Prof Mbugua said should the new model continue in the same fashion, private universities will sink in financial constraints.

He further argues that there’s a deliberate effort to promote admission to public universities because students were promised scholarships.

“This model has come out of an onslaught of private universities. A number of universities got less than ten students,” Mbugua said.

He argued that the model is in contrast to the Kenya Kwanza economic government economic model to promote increased jobs both in private and public sector.

“We know this government promised to increase employment but by withdrawing students from the private sector means that they are doing the opposite,” he said.

The Education ministry in 2016 rolled out admission of government-sponsored students to private universities following a directive by President Uhuru Kenyatta.
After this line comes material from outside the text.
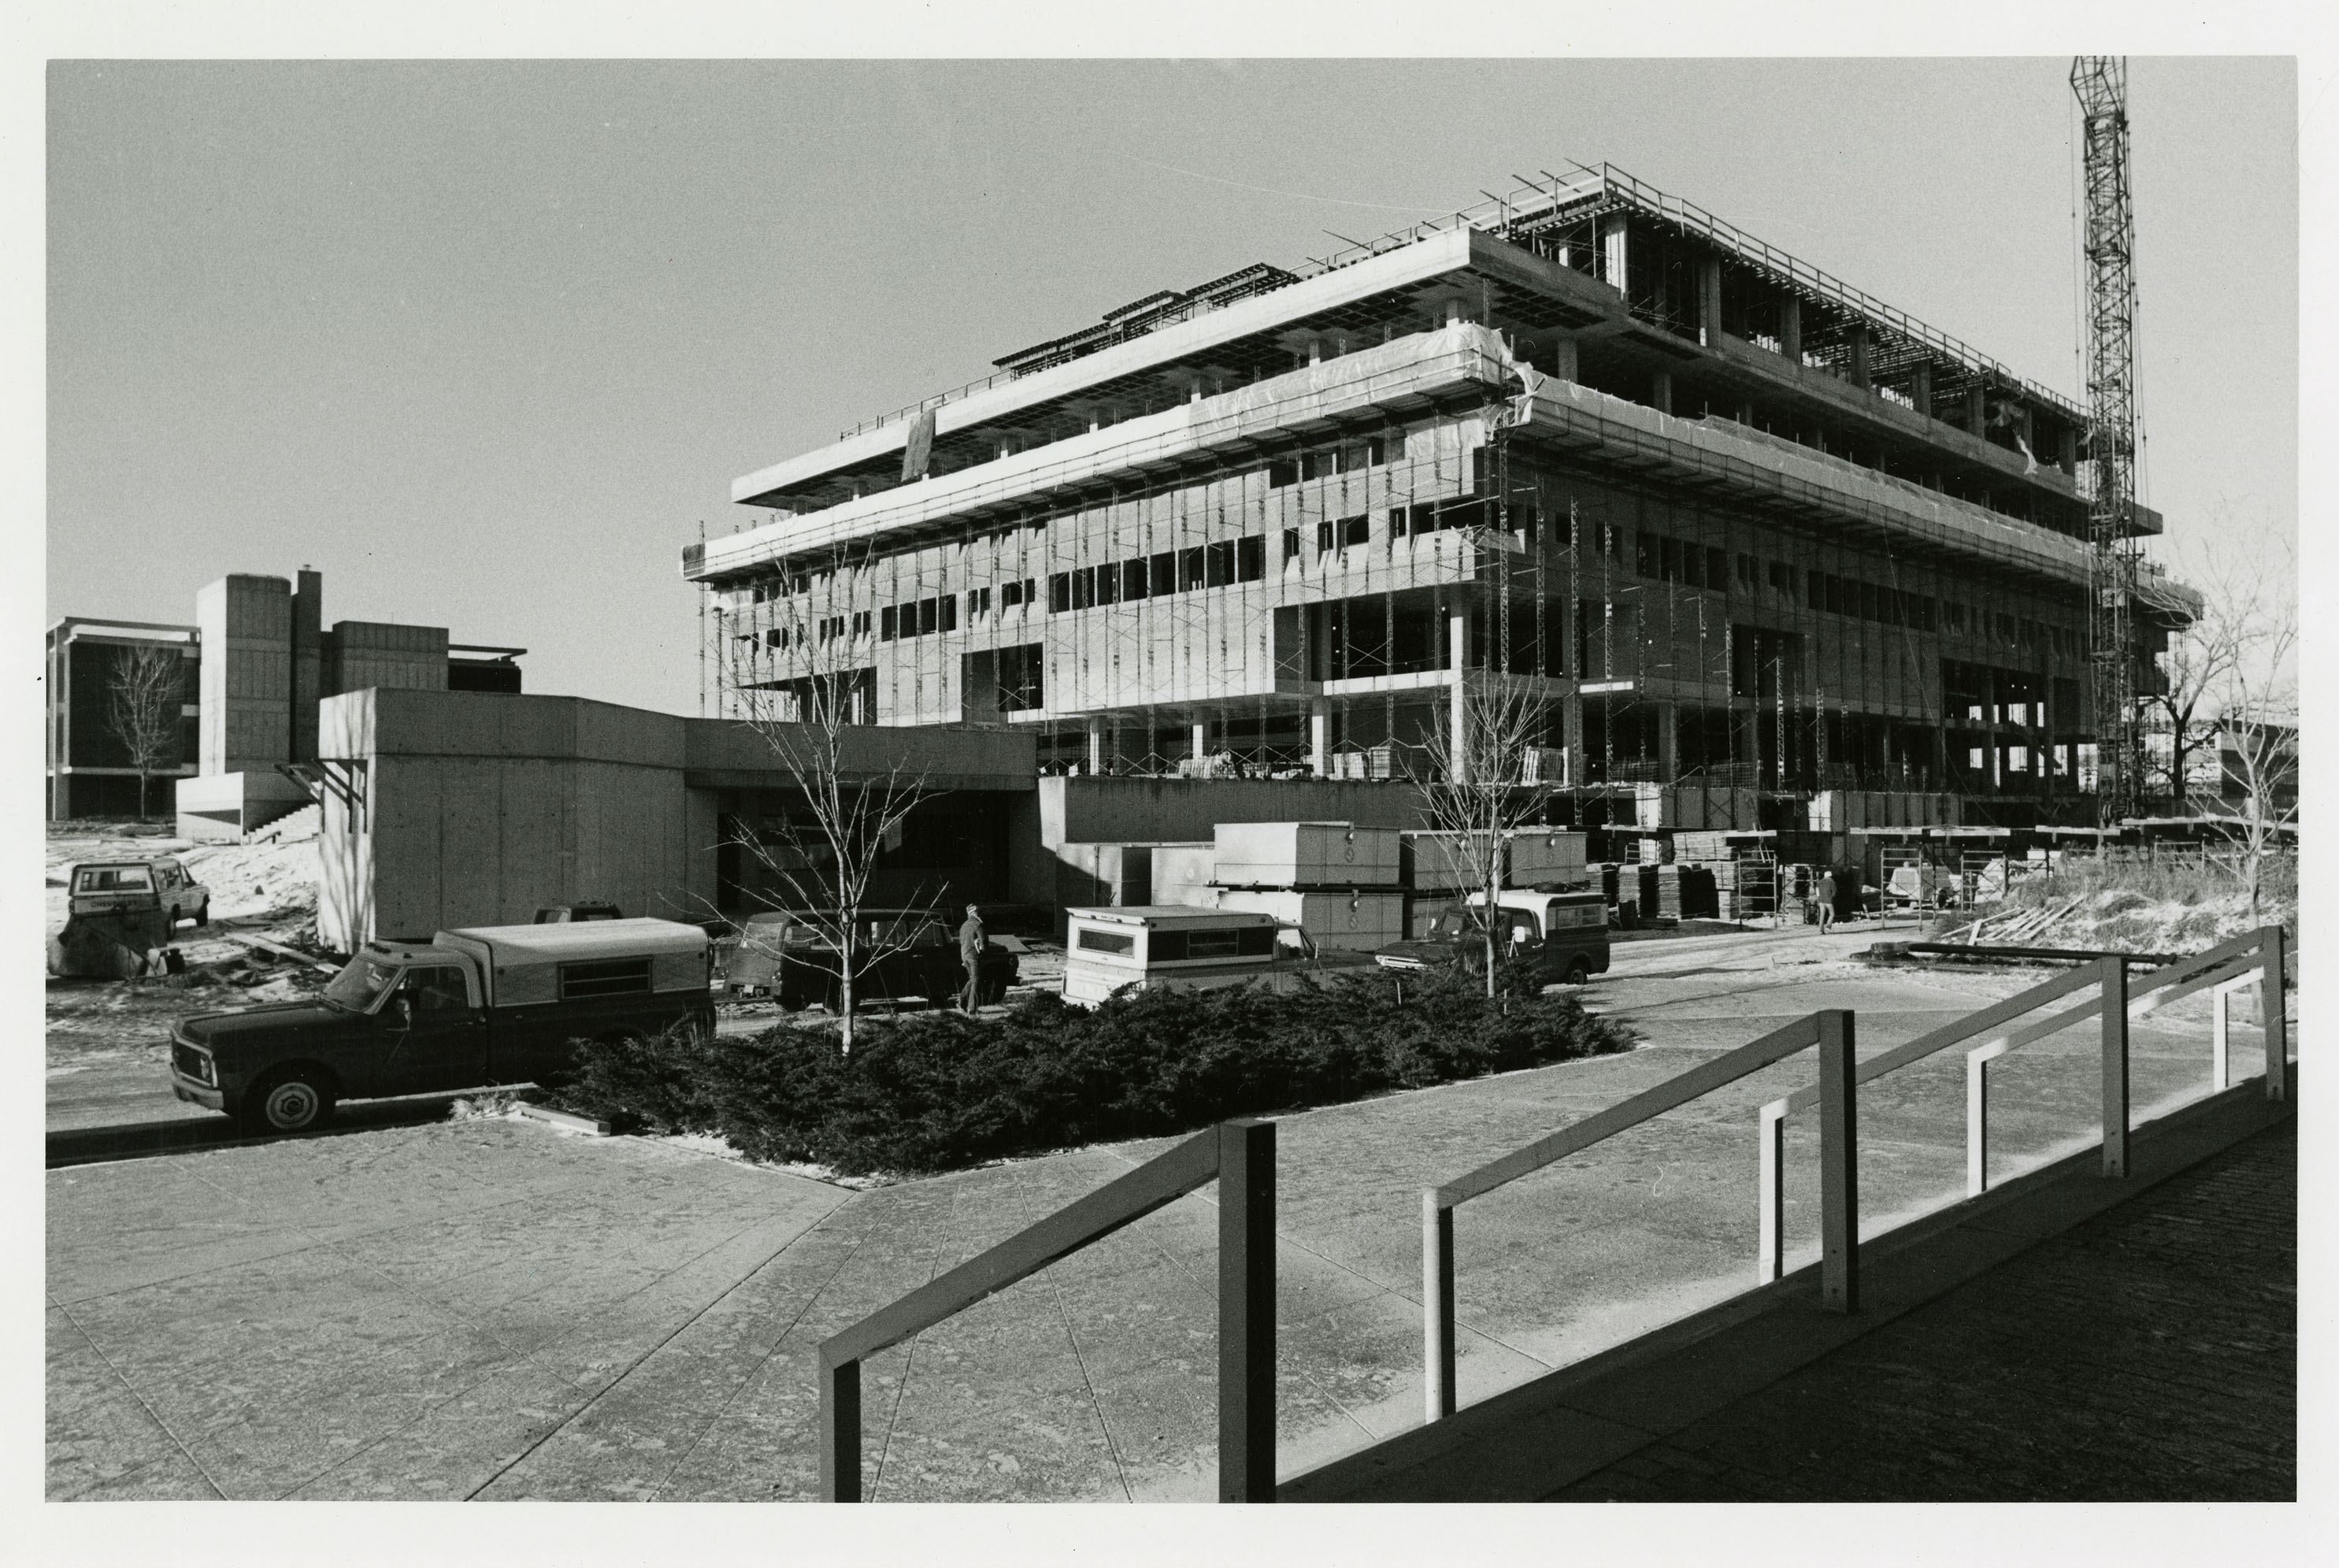 University of Connecticut Library under construction, December 3, 1976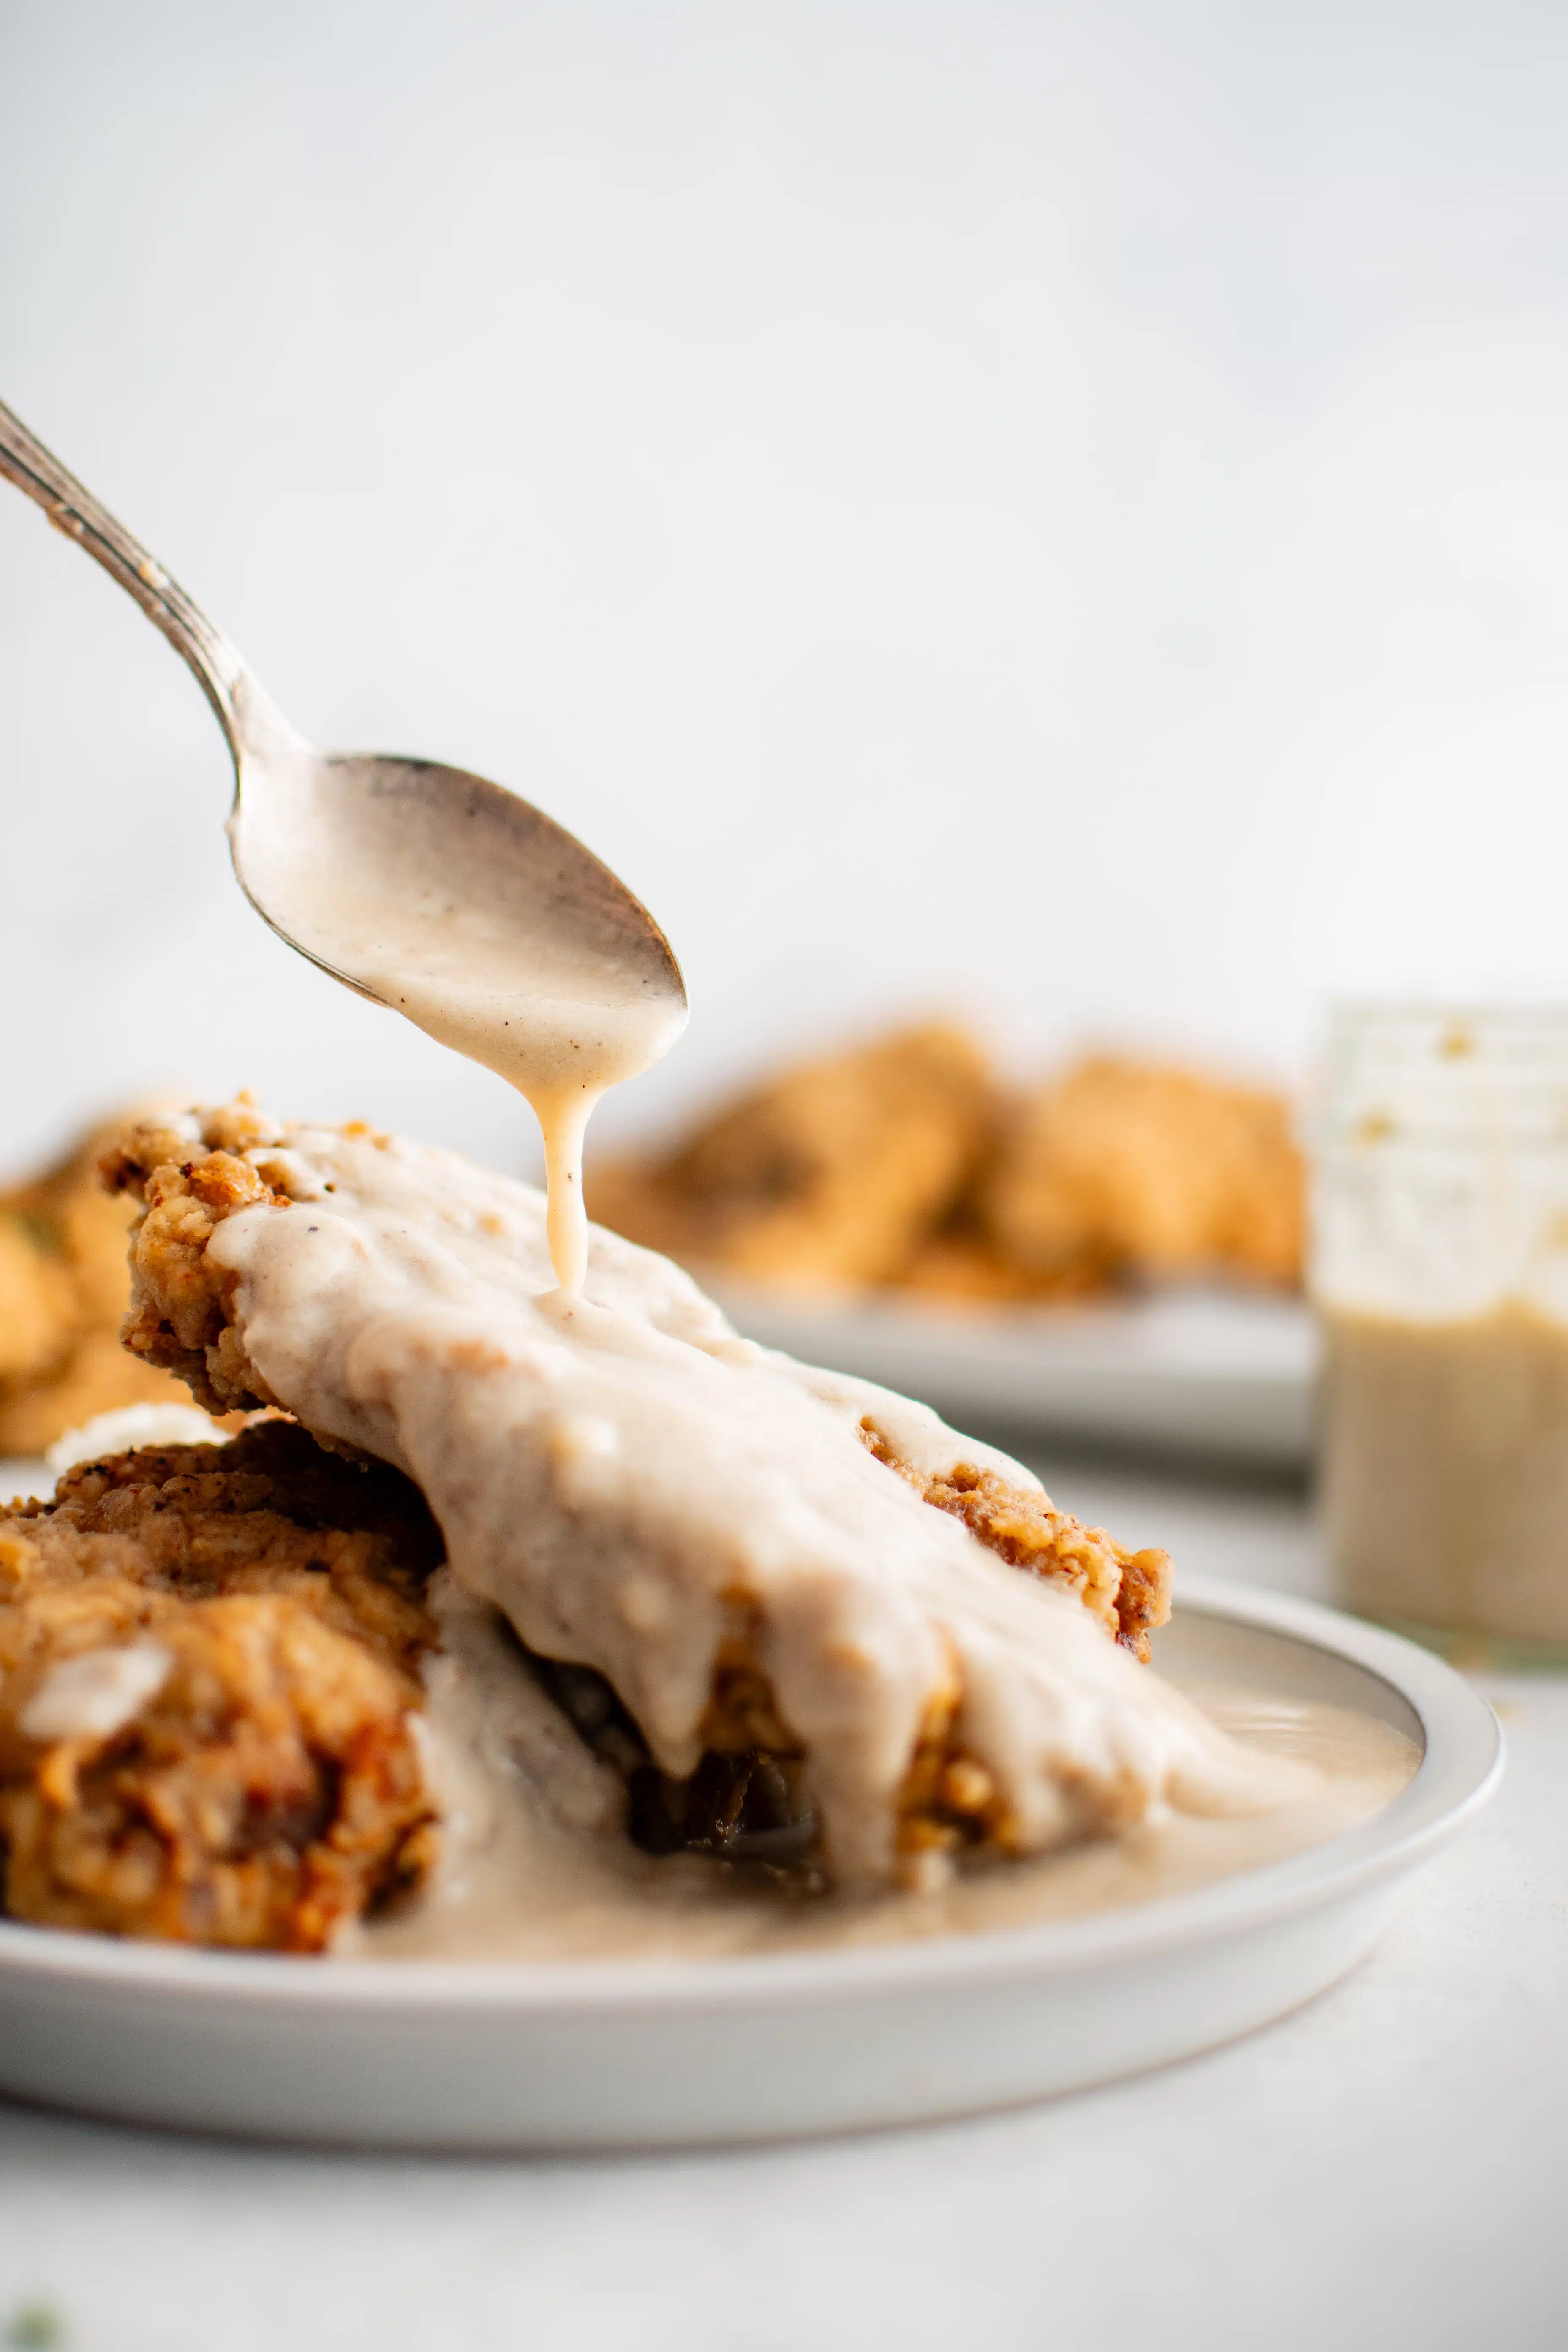 Spoon drizzling homemade creamy white gravy over two pieces of chicken fried steak on a white dinner plate.

The introduction of government-sponsored students to private universities was first proposed in 2014 through a sessional paper looking to reform the financially troubled university sector.

The Sessional Paper No. 14 of 2012 identified the expansion of government student sponsorship to private universities as one of the key ways to address challenges facing university education in Kenya.

However, it was not until 2016 that the programme came to life after President Uhuru Kenyatta directed the placement of government-sponsored students in all universities.

The President said investment in higher education by the public, private sector, and religious organizations should be looked at as one to see how to leverage investments to train more Kenyans.